Directions for this task -> Reproduce the listing below character for character; drop every image.

Dataset extract ->

==*==

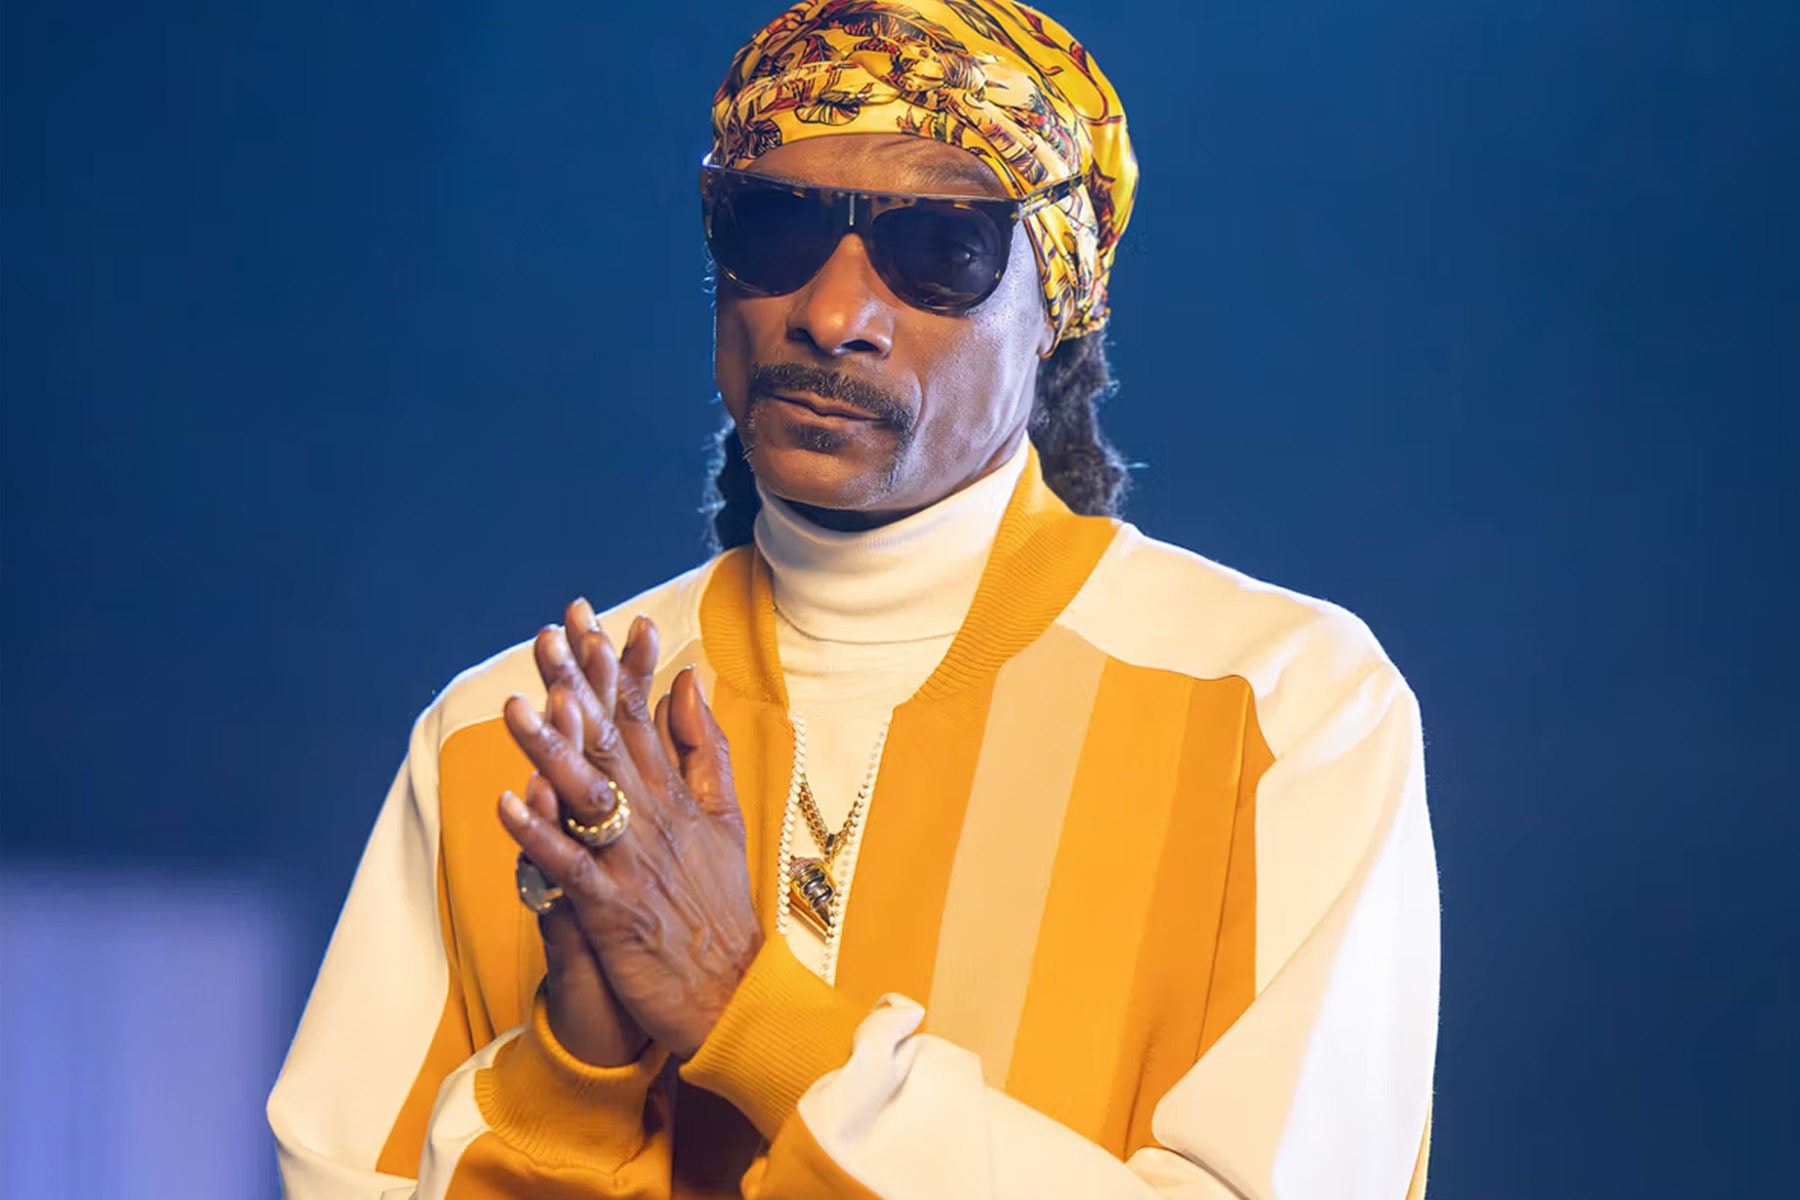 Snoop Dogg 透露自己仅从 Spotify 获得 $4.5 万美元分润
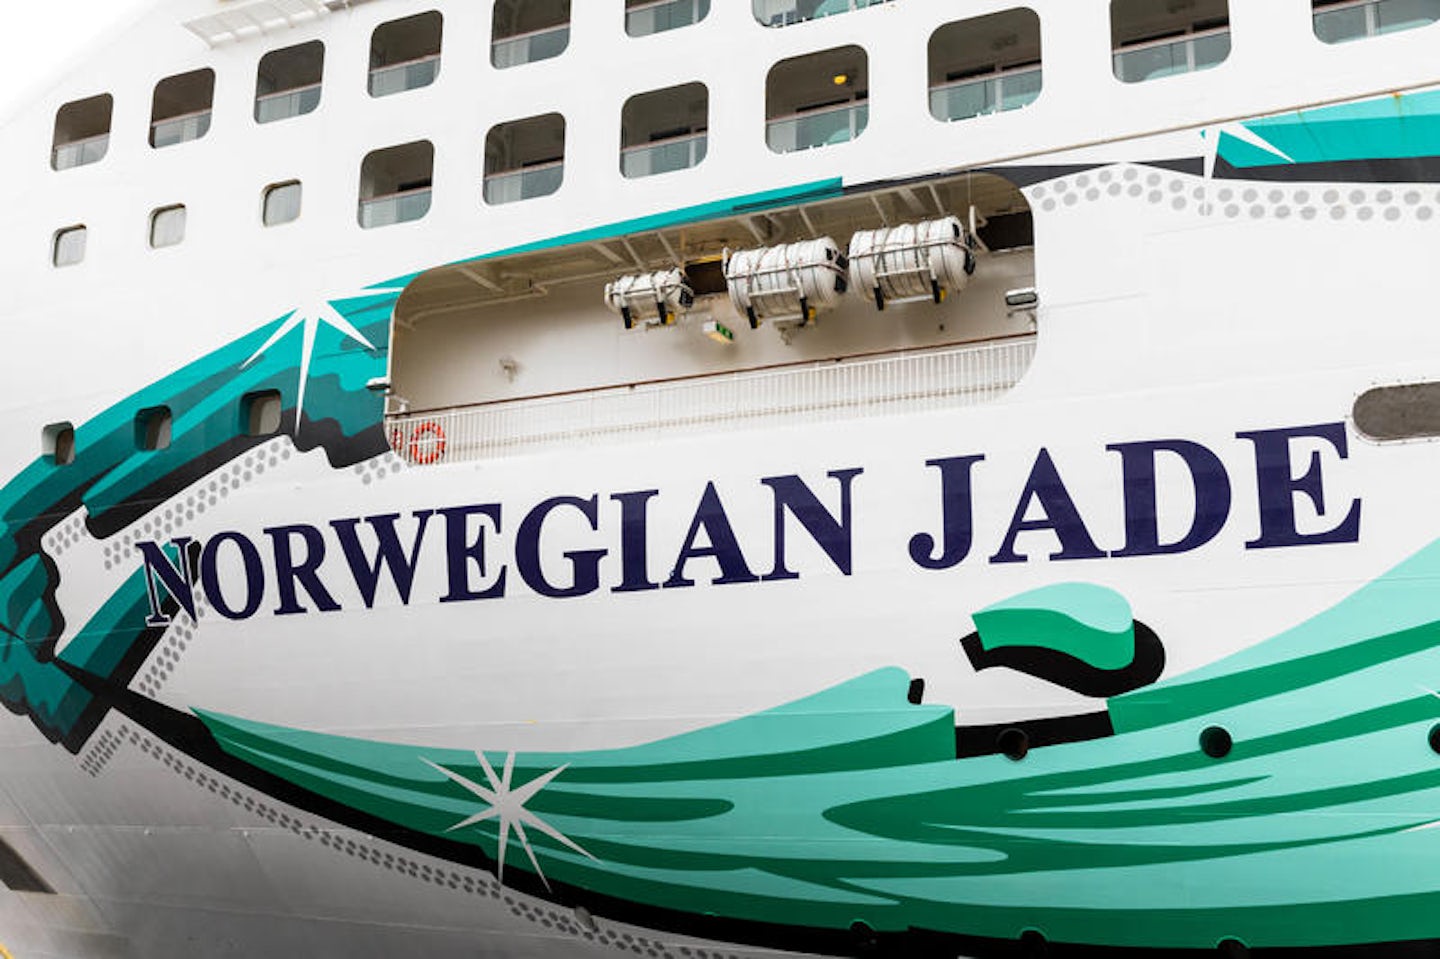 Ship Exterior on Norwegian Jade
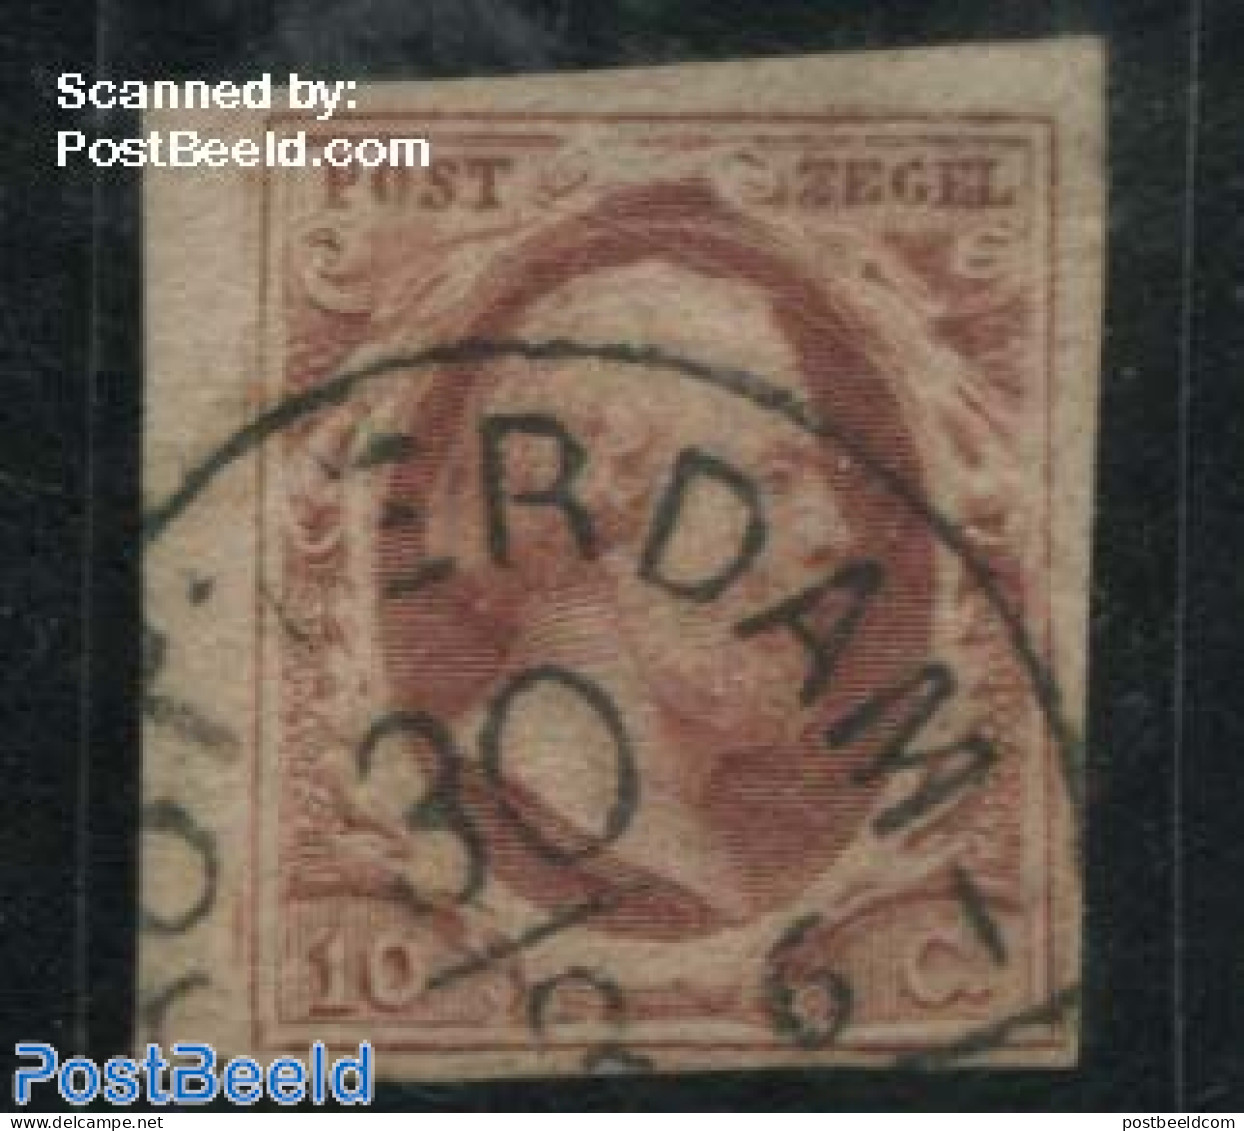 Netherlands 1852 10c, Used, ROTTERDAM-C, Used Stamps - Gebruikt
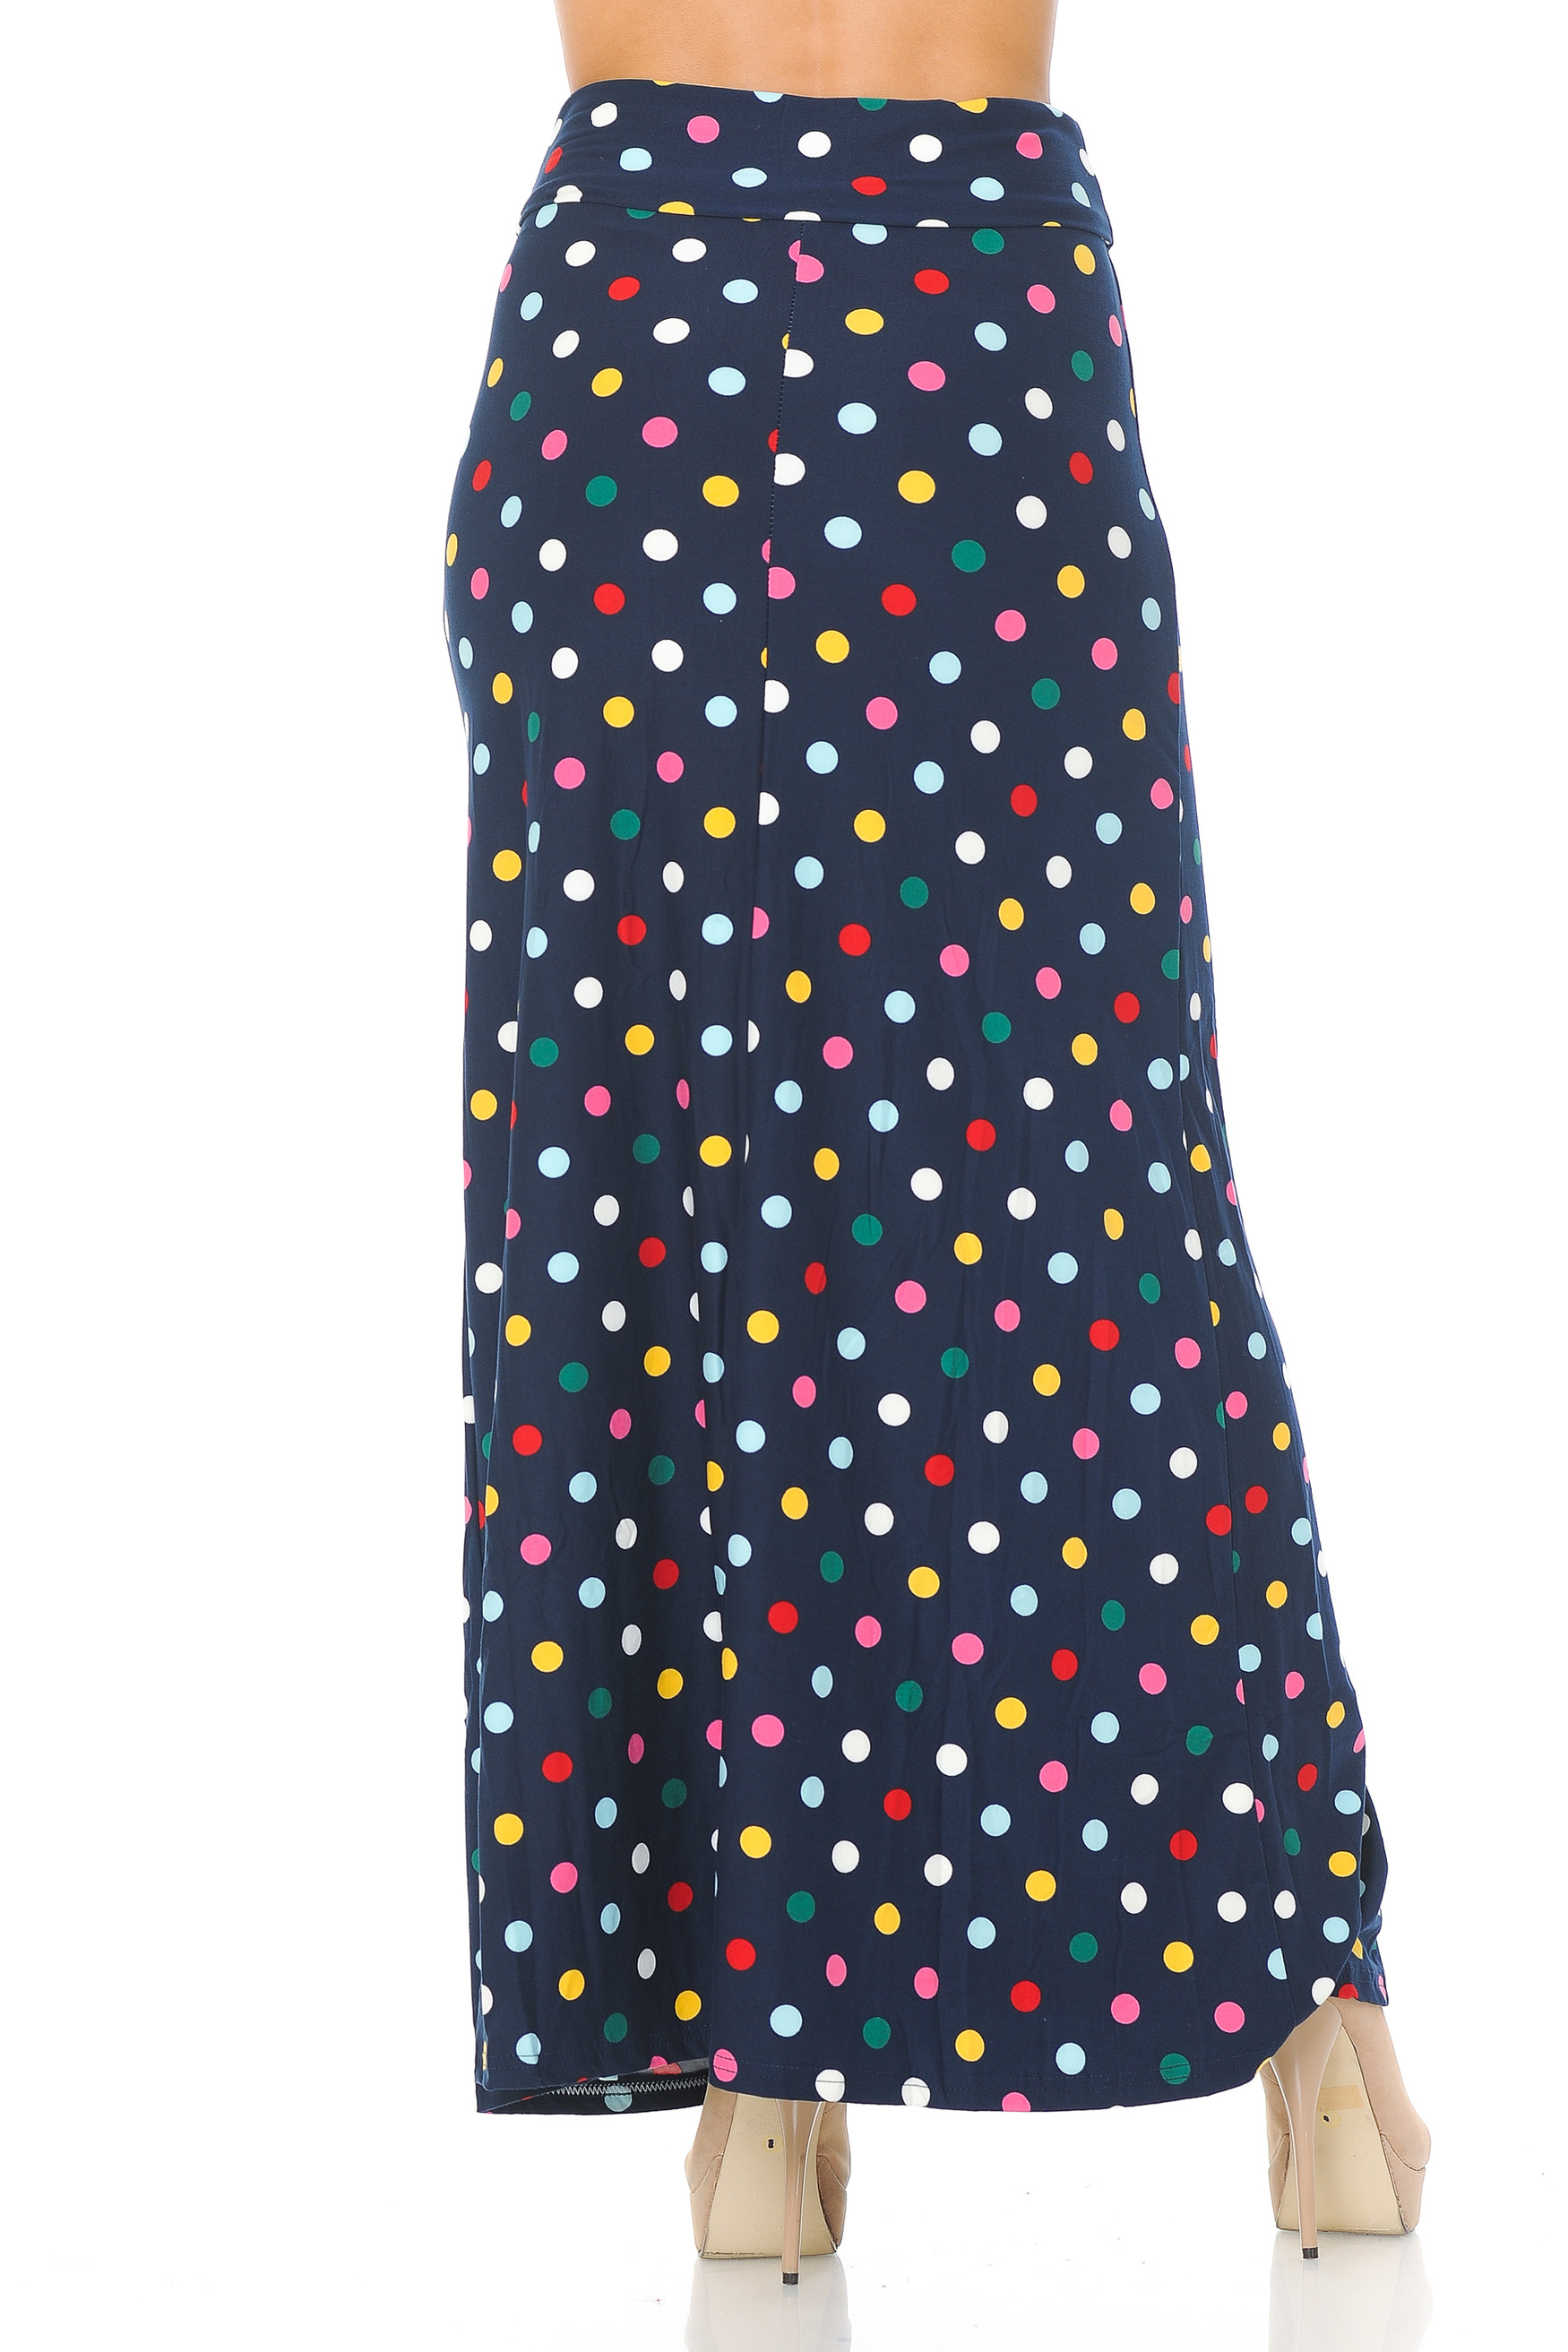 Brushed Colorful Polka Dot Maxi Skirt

==*==

Answer area ->
 Snoop Dogg 透露自己仅从 Spotify 获得 $4.5 万美元分润
 Ship Exterior on Norwegian Jade
 Netherlands 1852 10c, Used, ROTTERDAM-C, Used Stamps - Gebruikt
 Brushed Colorful Polka Dot Maxi Skirt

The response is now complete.